On the basis of the foregoing, we are of the opinion that (i) the Common Stock included in the Units has been duly authorized and, upon issuance and delivery against payment therefor in accordance with the Underwriting Agreement, will be validly issued, fully paid and nonassessable; (ii) the Warrants included in the Units have been duly authorized and, upon issuance and delivery against payment therefor in accordance with the Underwriting Agreement, will constitute valid and binding obligations of the Company, enforceable against the Company in accordance with their terms, subject to applicable bankruptcy, insolvency, fraudulent conveyance, reorganization, moratorium and similar laws affecting creditors’ rights and remedies generally, and subject, as to enforceability, to general principles of equity (regardless of whether enforcement is sought in a proceeding at law or in equity); and (iii) the Warrant Shares have been duly authorized and reserved for issuance and, upon issuance and delivery upon exercise of the Warrants in accordance with their terms and against payment of the exercise price therefor, will be validly issued, fully paid and nonassessable.

The foregoing opinion is limited to the General Corporation Law of the State of Delaware and the federal laws of the United States of America.

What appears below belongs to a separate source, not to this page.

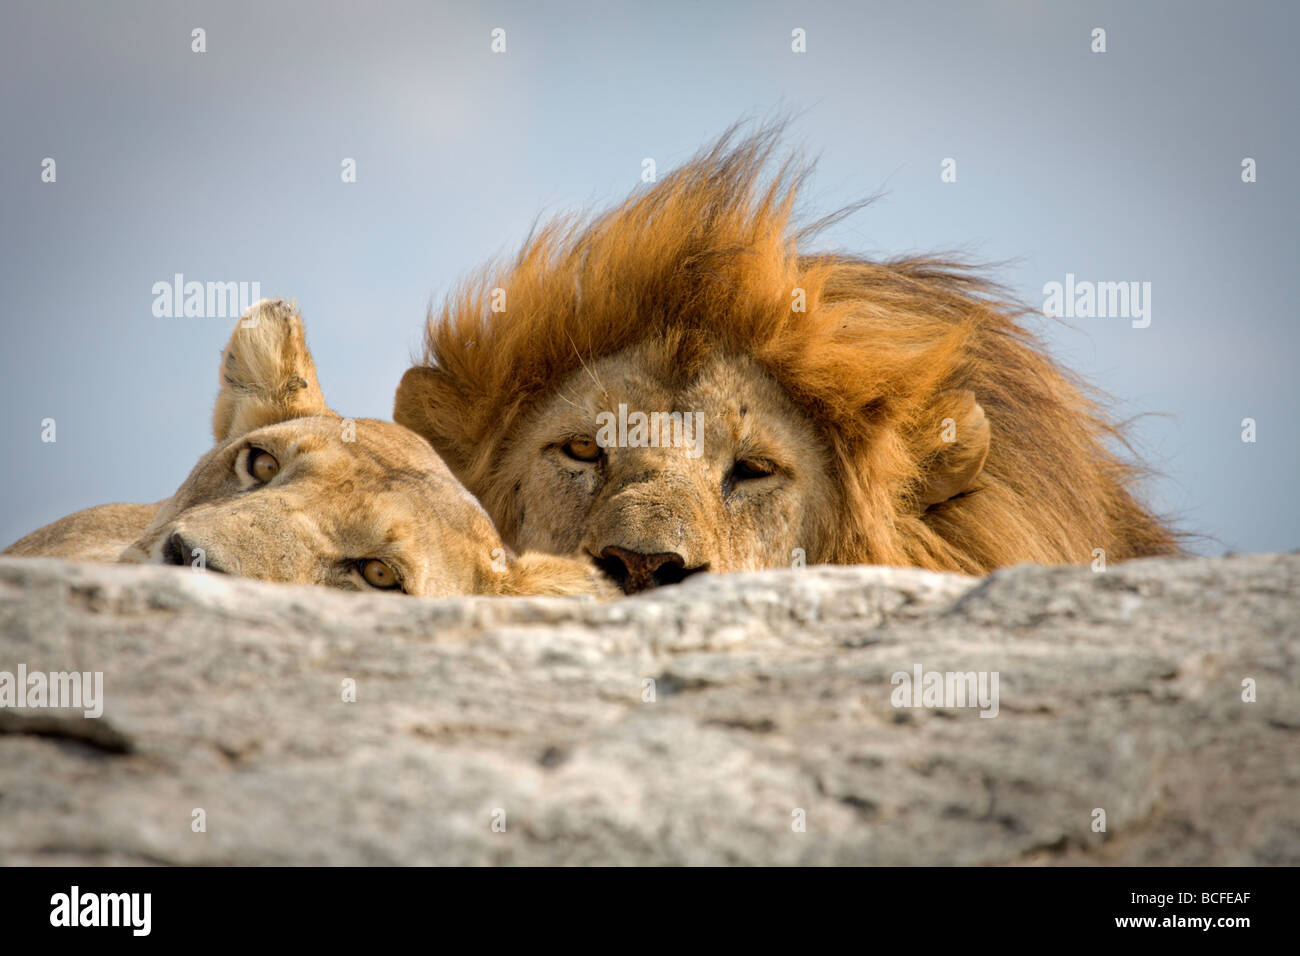 Panthera leo (el León), Parque Nacional de Serengueti, Tanzania Imagen De Stock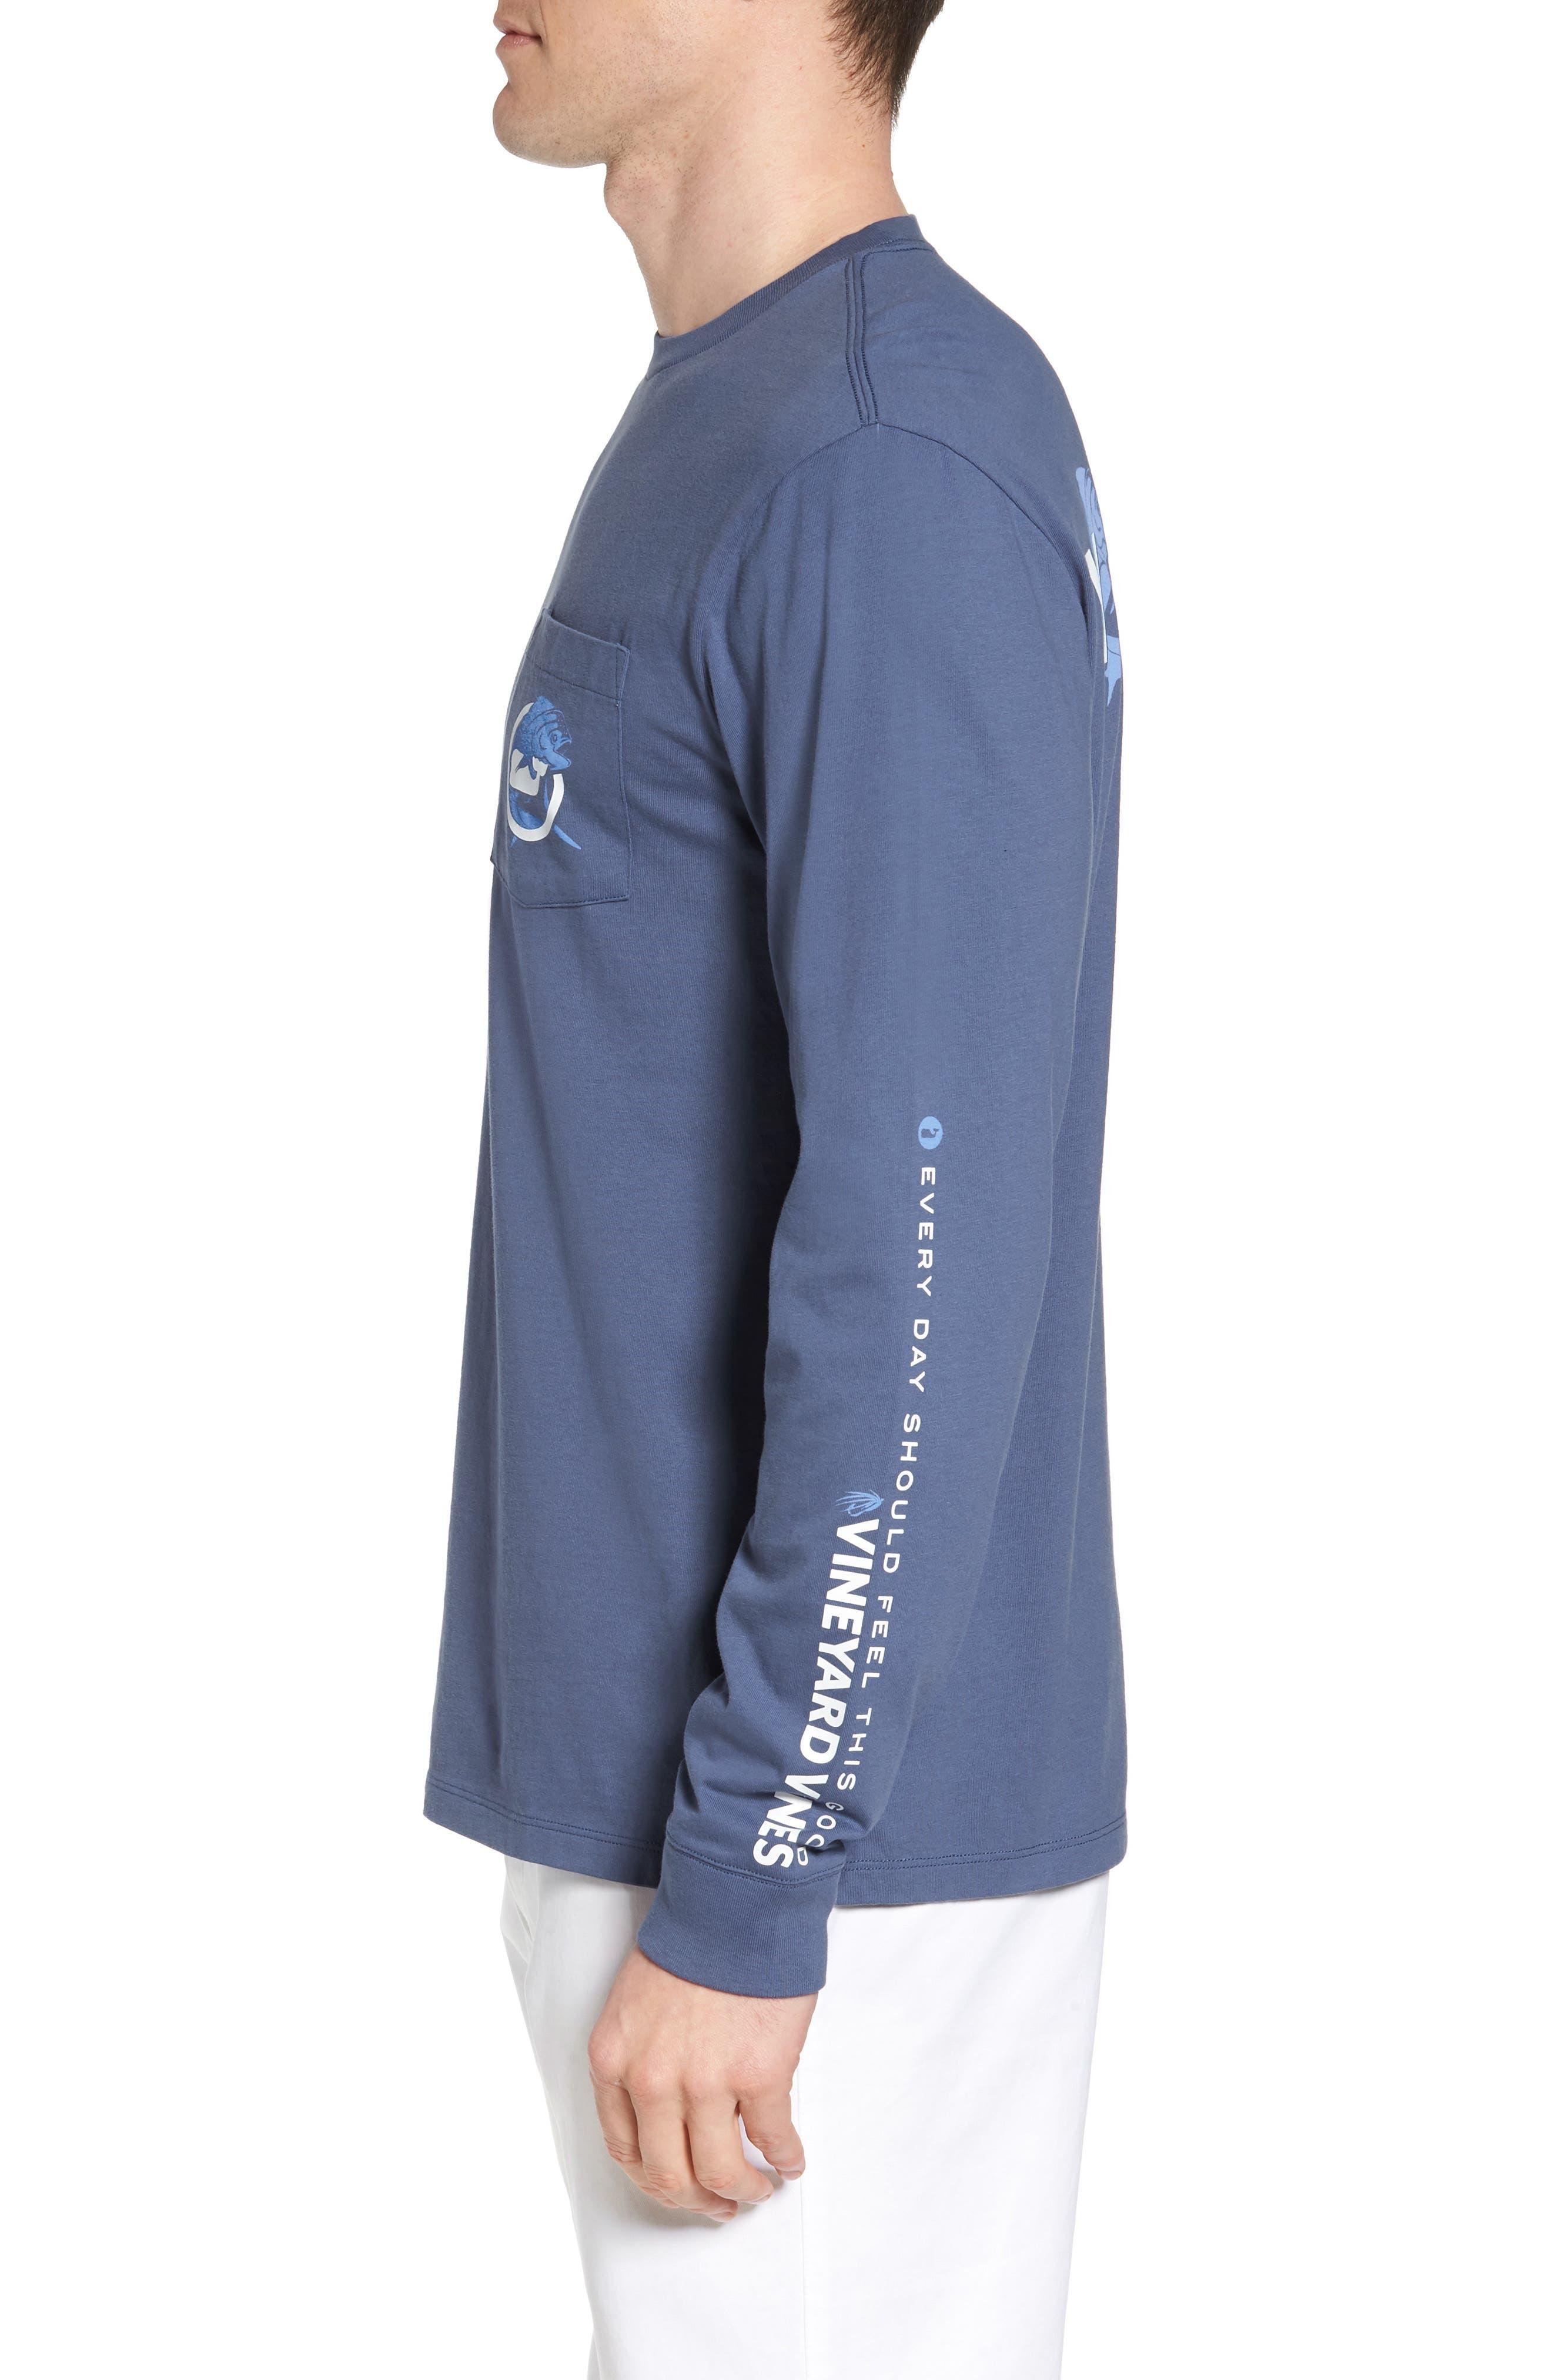 Mahi Long Sleeve T-Shirt,                             Alternate thumbnail 3, color,                             461

This opinion is for the Company’s benefit in connection with the Registration Statement and may be relied upon by the Company and by persons entitled to rely upon it pursuant to the applicable provisions of the Act. We hereby consent to the filing of this opinion as an exhibit to the Current Report on Form 8-K filed as of the date hereof by the Company and incorporated by reference into the Registration Statement. In addition, we consent to the reference to us under the caption “Legal Matters” in the Prospectus constituting a part of the Registration Statement. In giving such consent we do not thereby admit that we are in the category of persons whose consent is required under Section 7 of the Securities Act or the rules and regulations promulgated thereunder.